# The problem
Retype, exactly and with both ends included, the lines below from the one containing "Shimmer & Shine Gems & Jewelry" through the end; omit the pictures.

# Source material
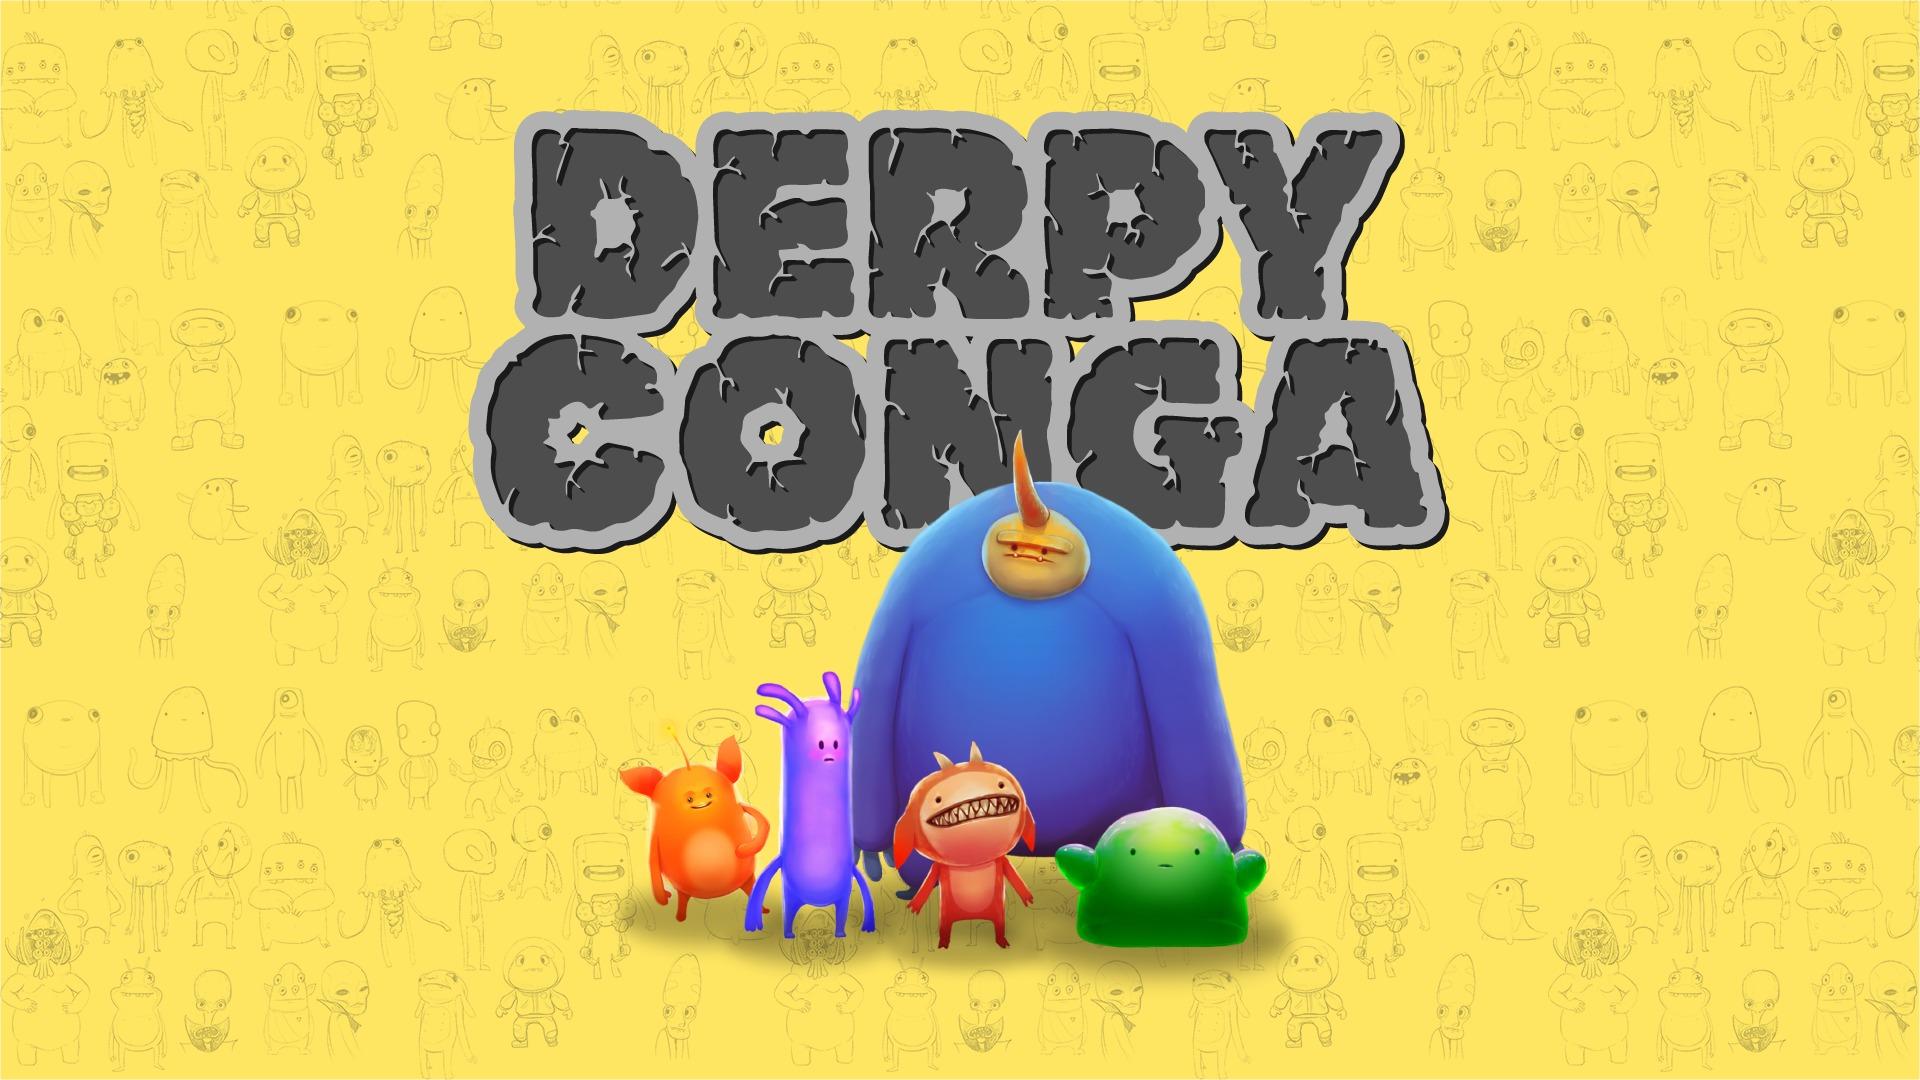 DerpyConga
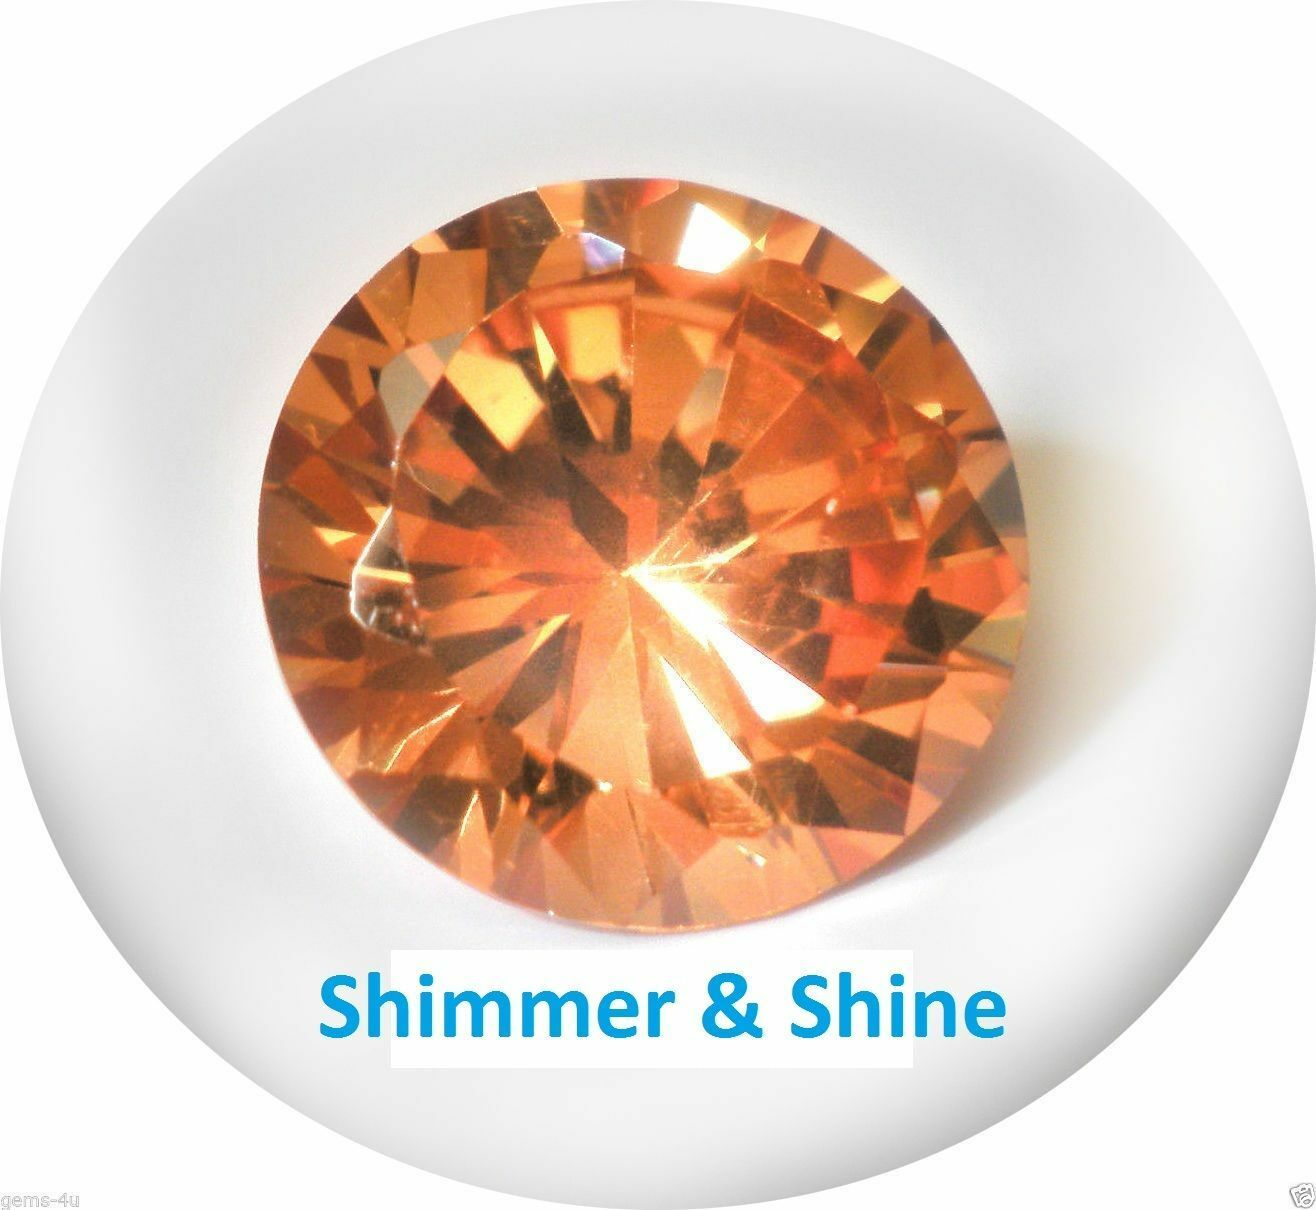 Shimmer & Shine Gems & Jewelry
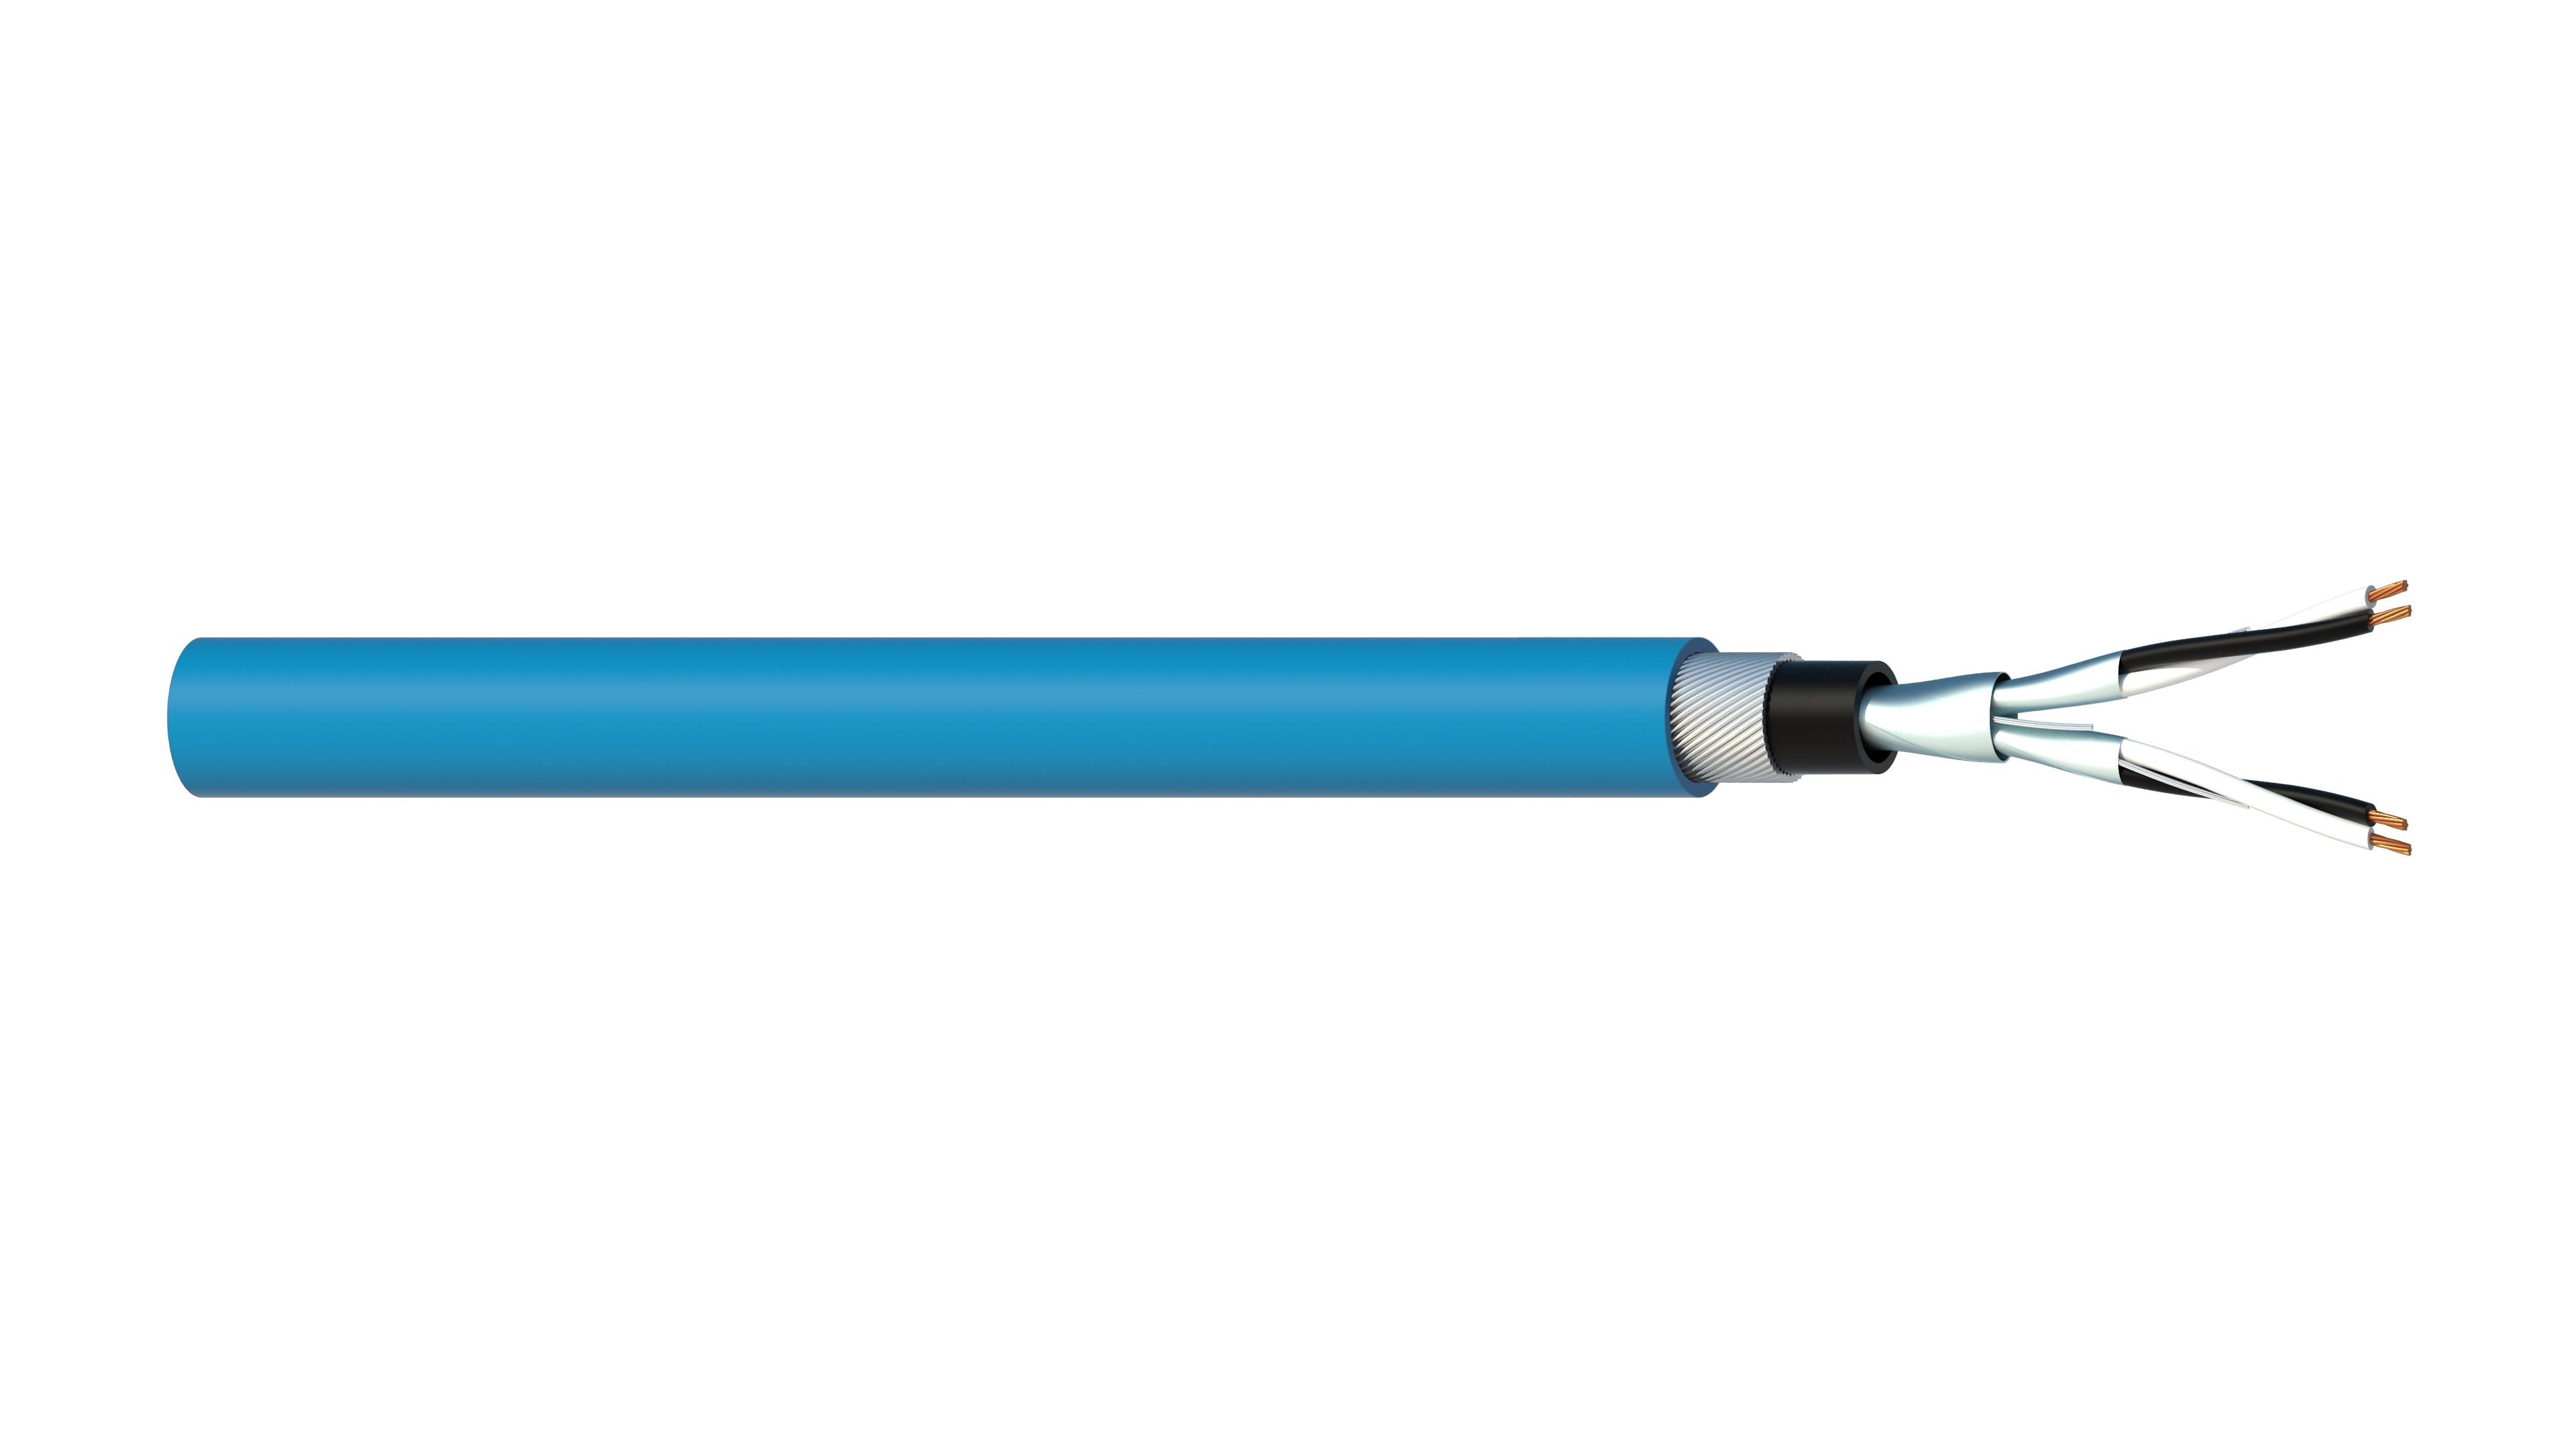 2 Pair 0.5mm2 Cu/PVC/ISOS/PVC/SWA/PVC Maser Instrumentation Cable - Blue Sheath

# Task answer
 Shimmer & Shine Gems & Jewelry
 2 Pair 0.5mm2 Cu/PVC/ISOS/PVC/SWA/PVC Maser Instrumentation Cable - Blue Sheath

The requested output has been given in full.